Hi there, I am currently upgrading my workstation to make it fit to work with AI. Loading large LLM models took a while because my current SSDs can only read about 2GB/s. I was looking to improve this speed drastically and got four 1TB WD SN850X with PCIe4.0.
My setup:
Processor: AMD Threadripper Pro 3995WX
SSDs: four 1TB Western Digital SN850X with PCIe4.0x4 each.
Kernel: 6.12
I put the four cards on a bifurcation adapter all in one slot. Each disk is recognized by the host and each disk is able to read between 6GB/s and 6.5GB/s individually. I have tested this with the gnome-disk-utility as well as with kdiskmark.
I have created a Raid-0 setup over all for devices with mdadm (without any performance adjustments that might offer) and tested the read speed of the array. Testing the read performance of the array I get about 12.0GB/s sequentially.
The problem is this is about half the speed I was expecting out of this and I am wondering if I am running into any kinds of bottlenecks here and if those can be mitigated to come closer to the speed of about 20GB/s that I was hoping to archive.
There is currently no important data on the array so it can be destroyed and recreated at will. Any thoughts and ideas are very appreciated.

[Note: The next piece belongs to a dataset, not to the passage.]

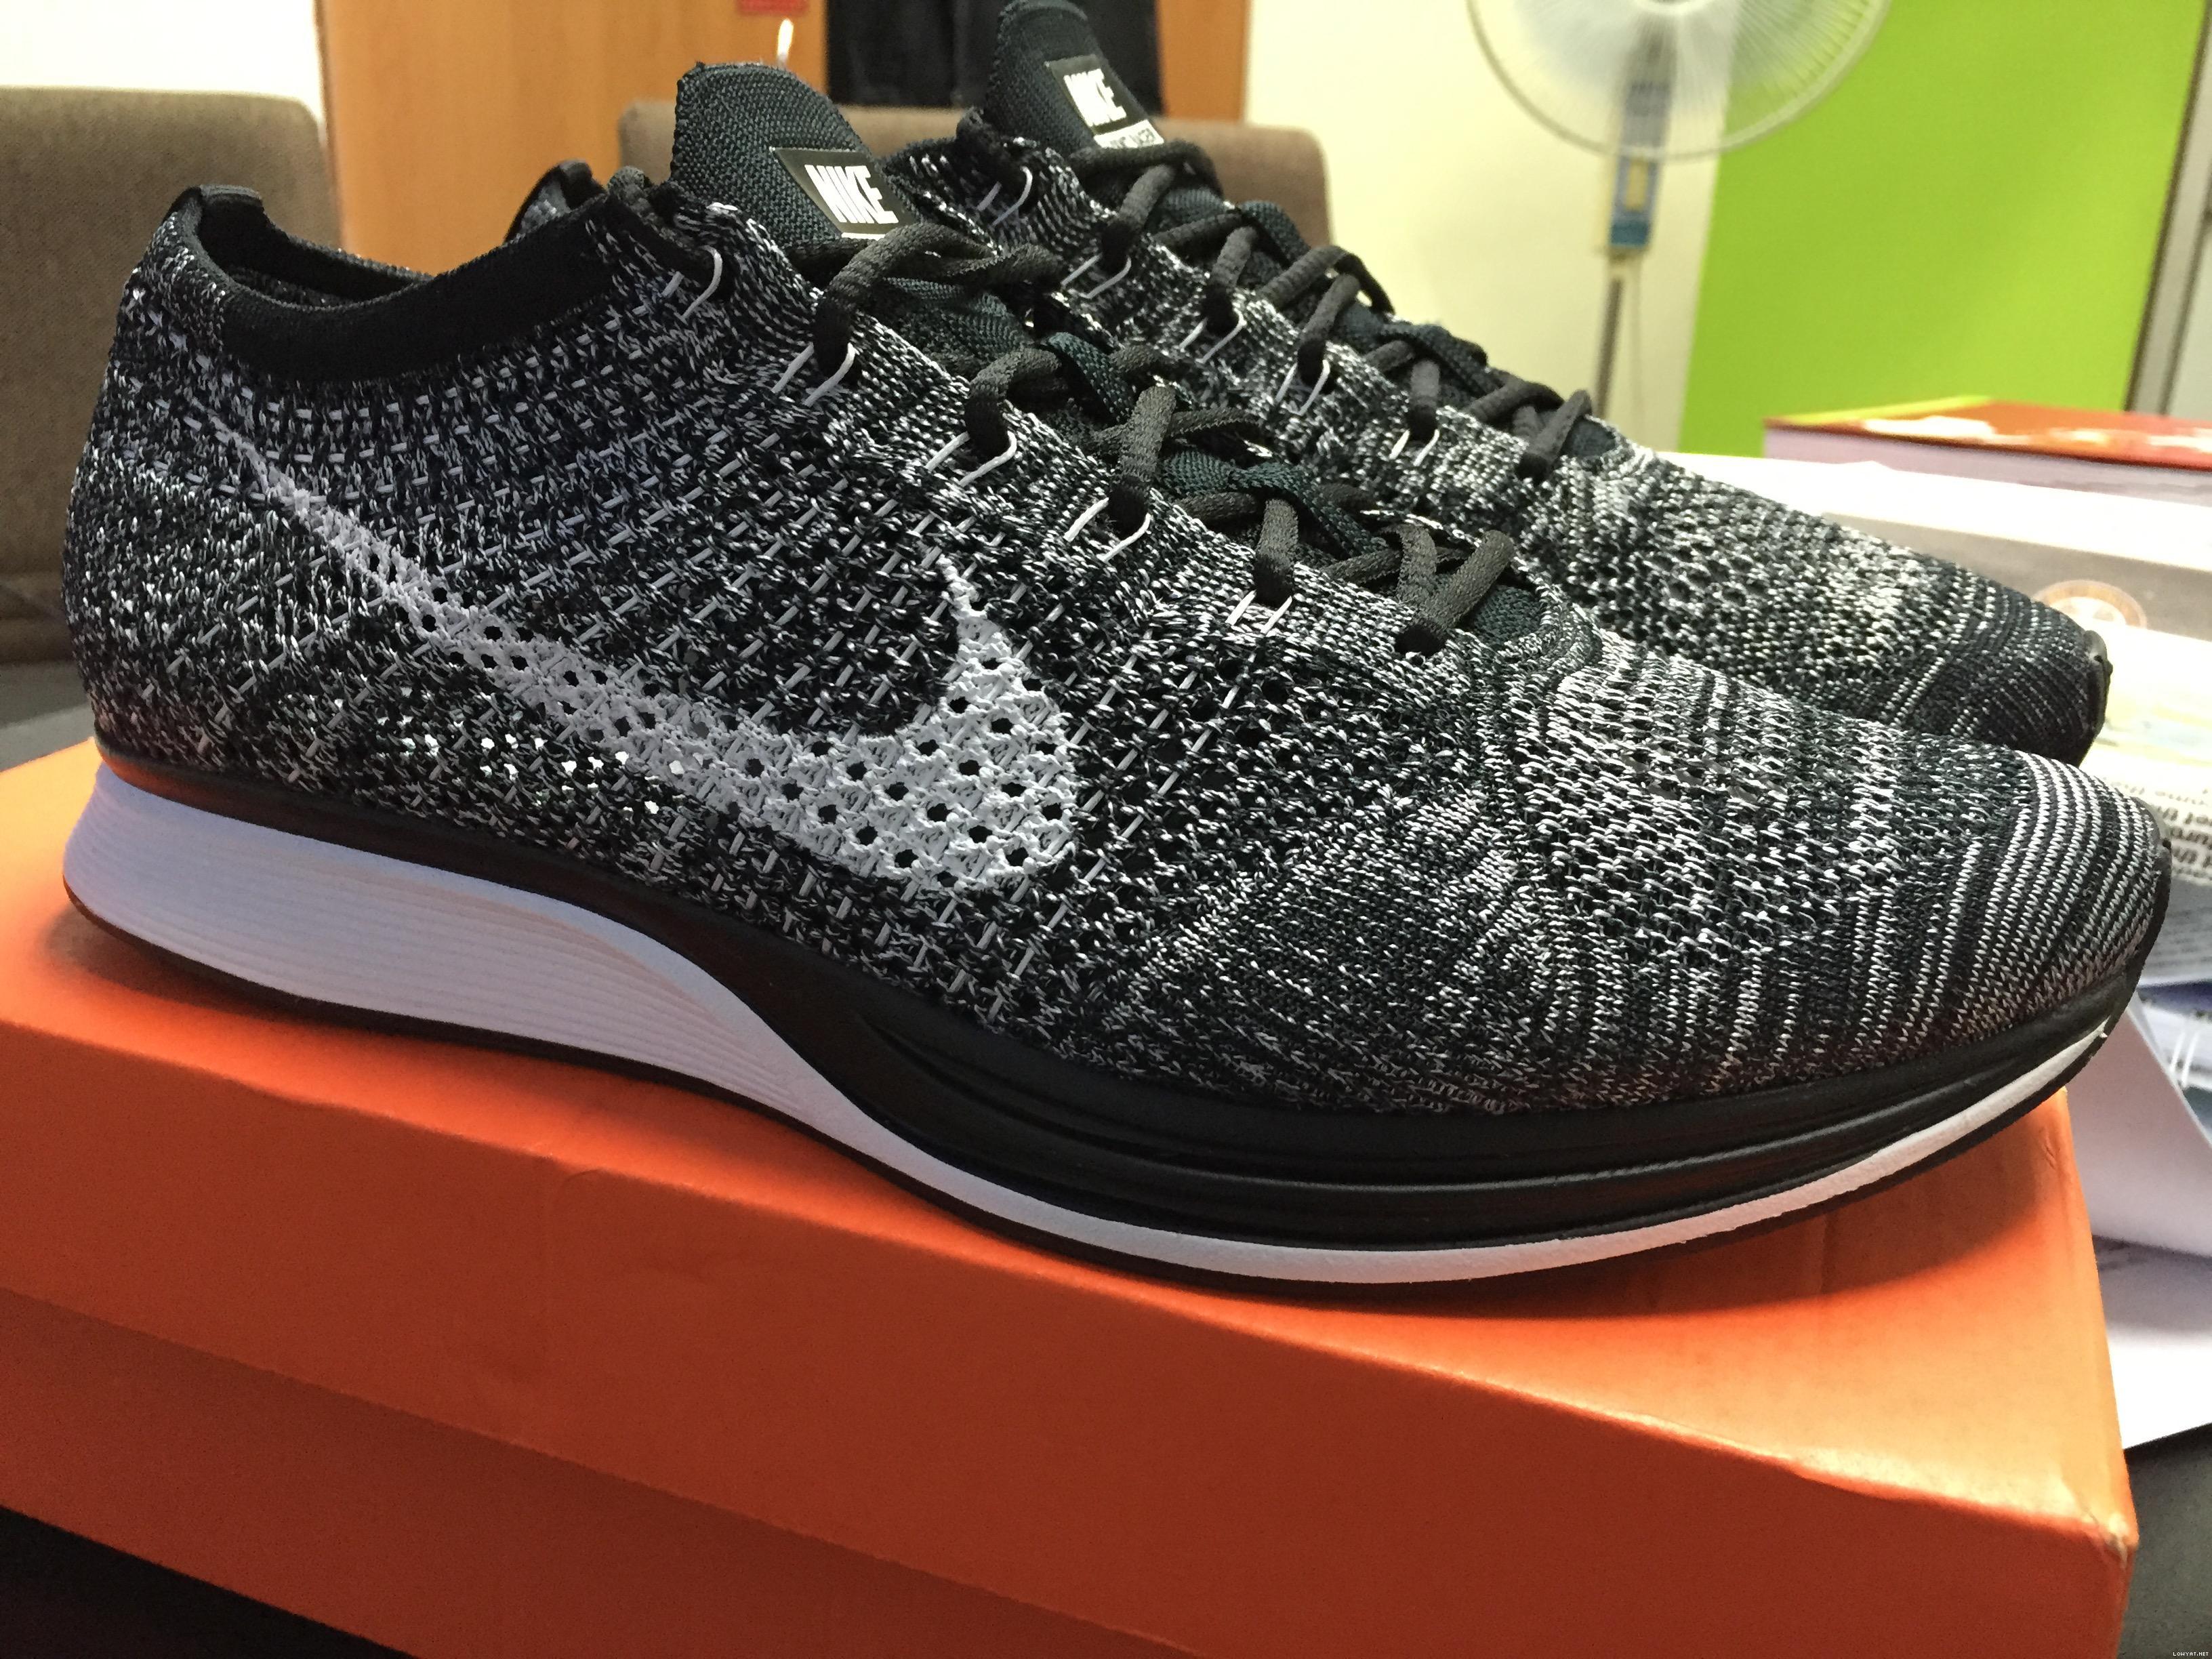 Nike Flyknit Corredor De Oreo 2.0 Malaysia Today dGNEU3vOXs

PCIe4 is 2GB/s per lane, so if your bifurfaction adapter is also only 8x then you can hit max 16GB/s.
If you are testing each disk individually, after each other, then it won’t saturate it. You could benchmark all of them at the same time and see if that is the same as the RAID benchmark.
It is a x16 bifurcation adapter, each SSD is connected by PCIe4.0x4. I confirmed using fio that all of the disks can do 7GB/s sequential reads in parallel.
Oh nevermind, I think it is in fact working correctly and I am running into the single thread speeds of my processor. I started fio with the following command, that uses 4 jobs in parallel, and now I am seeing speeds of 27.4GB/s.
You might be getting close to RAM limits? I am unsure how to measure this, but DDR4 at its lowend is sub 20GB/s for a single channel as per this guide on ServeTheHome
You might also be running into CPU limits depending on how you’re invoking kdiskmark
Yes with a single job the maximum speed is about 14GB/s with two jobs it is 27.4GB/s, I figure mystery solved. I either need a faster processor or I need to distribute the reads to different cores.